Hybrid Quantum Mechanical and Molecular Mechanical Studies of the Reaction Mechanism of Lactate and Malate Dehydrogenase

Principal Investigator

Jill Gready

Division of Biochemistry and Molecular Biology, John Curtin School of Medical Research

Enzymes are proteins which are responsible for virtually all chemical reactions in cells. They bind
reactants (substrates) with a high degree of specificity, and chemically transform them with a phenomenal rate acceleration compared to the analogous reaction in solution. It is of fundamental interest to characterize the unique structural and energetic properties of the enzyme active site which enable this binding and catalysis. This project focuses on the reaction mechanism of two important glycolytic enzymes, lactate dehydrogenase (LDH) and malate dehydrogenase (MDH). LDH converts pyruvate to L-lactate in the presence of the cofactor NADH; similarly, MDH converts oxaloacetate to L-malate.
The relatively new hybrid quantum mechanical and molecular mechanical (QM/MM) technique is employed in this study. The computational cost of modelling a chemical reaction in an enzyme is minimized by partitioning the system: the active site and the substrate are treated quantum mechanically, while the protein environment is simulated using classical molecular mechanics. The two regions are coupled via approximate, parameterized interactions. The QM/MM approach thus takes advantage of the chemical accuracy of quantum mechanics for the active site, while including the influential environmental effects using the computationally less expensive MM.

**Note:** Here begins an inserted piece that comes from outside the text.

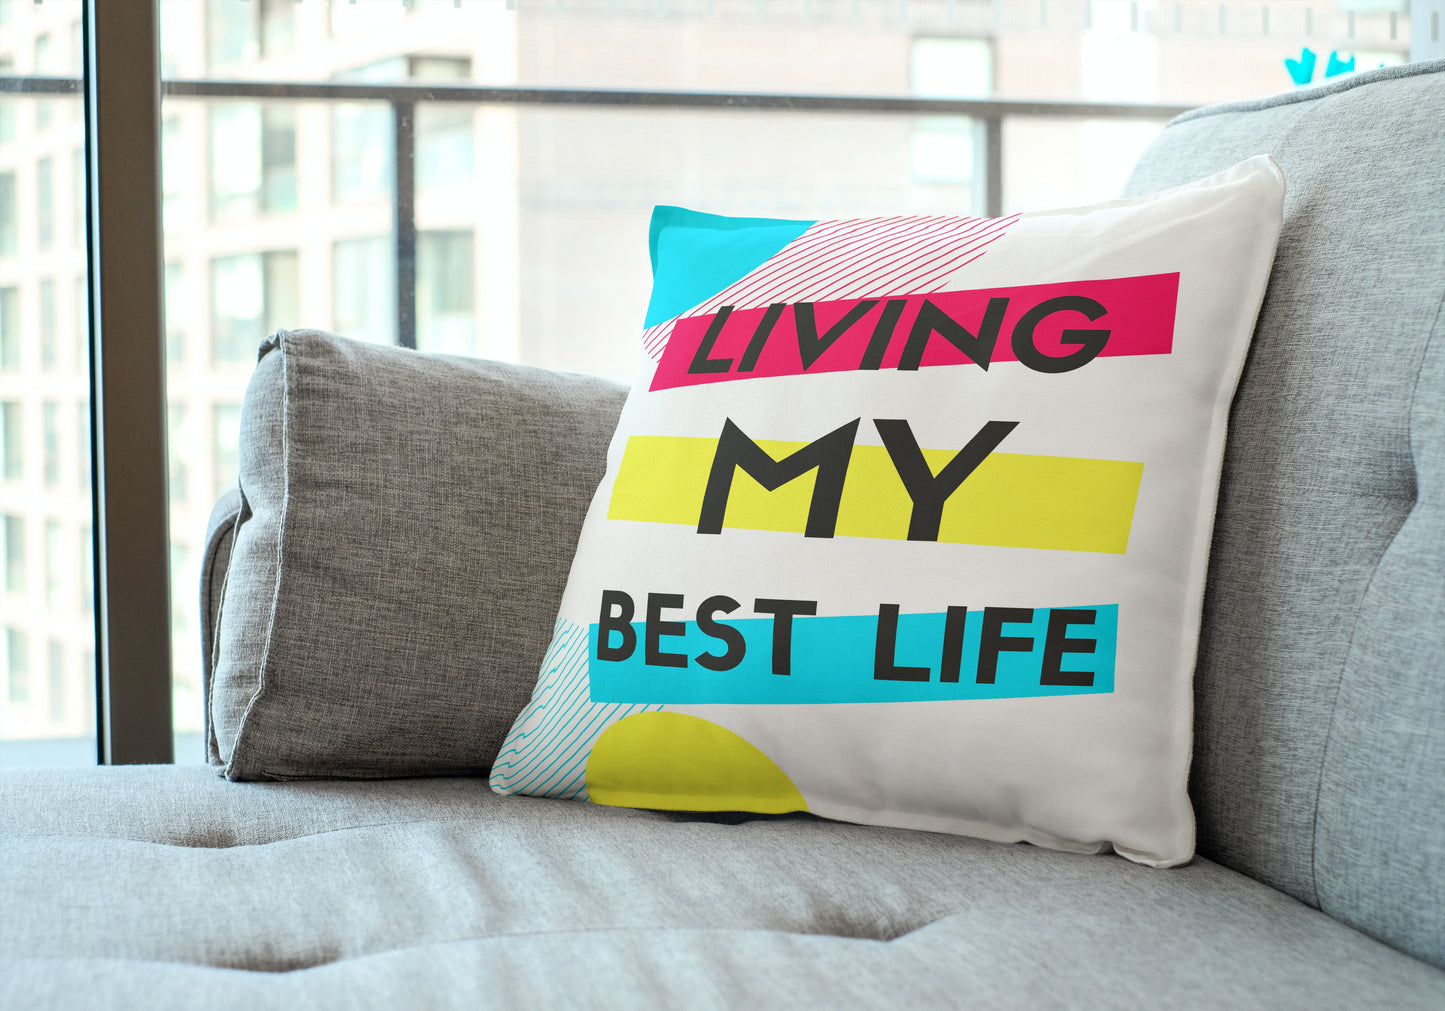 Living My Best Life Throw Pillow

Few enzyme systems have been studied with this method, and much work remains to improve the protocol, parameterization, and reliability of the technique. Thus the aim of this research is to develop protocols and simulation conditions for hybrid QM/MM calculations of LDH and MDH in an effort to determine the enzymatic reaction mechanism.

Co-Investigators

Rebecca Schmidt

Division of Biochemistry and Molecular Biology, John Curtin School of Medical Research

Projects

v53 - VPP, PC

What are the results to date and the future of the work?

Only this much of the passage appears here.